In the Economist:
How Africa’s most important failure can at last come right
Five-and-a-half decades ago, when Nigeria elected its first government at the end of colonial rule, many expected the country to rise quickly to become Africa’s leading power. It had people in abundance, the region’s best universities and vast natural resources. It exported great pyramids of peanuts, was one of the world’s leading sources of cotton and was soon to become Africa’s biggest producer of oil.
Yet within a few years its hopes were dashed. Nigeria suffered the first of many military coups in 1966 and was torn apart by civil war the next year. Corruption spread rapidly, hollowing out institutions and preventing the government from providing even basic services. After decades of theft and misrule, the most populous nation in Africa—and its biggest economy—has come perilously close to fragmentation. In January this year much of the north-east was overrun by bloodthirsty jihadists. Many expected that the elections which took place at the end of March would be so rigged as to give another term to Goodluck Jonathan, a singularly ineffectual president, and that opposition-supporting areas in the north would rise up in protest. The previous elections, judged among Nigeria’s fairest yet, had led to more than 700 deaths.
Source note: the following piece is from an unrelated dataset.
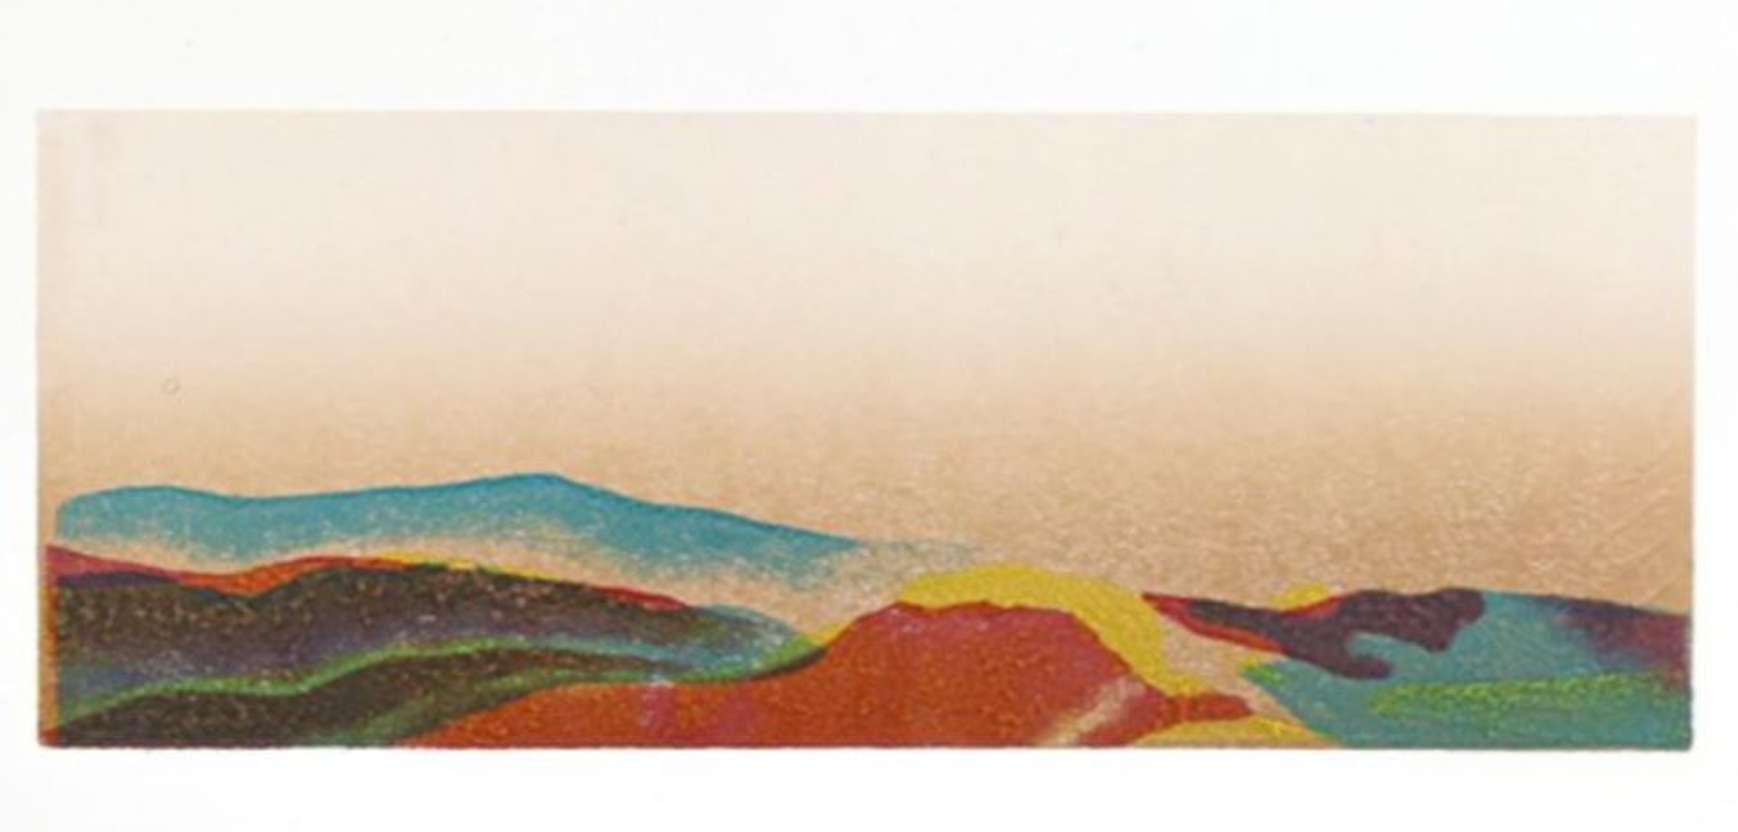 An example of art entered for the Arts Degree Show 2023. It is a sandy-coloured watercolour painting of a mountain range

Instead Nigeria confounded not just its critics but itself. The elections were peaceful and, despite some ballot-box stuffing, roughly reflected the will of the majority. The election of the opposition candidate, Muhammadu Buhari, marks the first democratic defeat of a Nigerian president running for re-election as well as the best opportunity to tackle the country’s many problems. As our special report in this issue lays out, Nigeria, at last, has a chance to change...[continue reading]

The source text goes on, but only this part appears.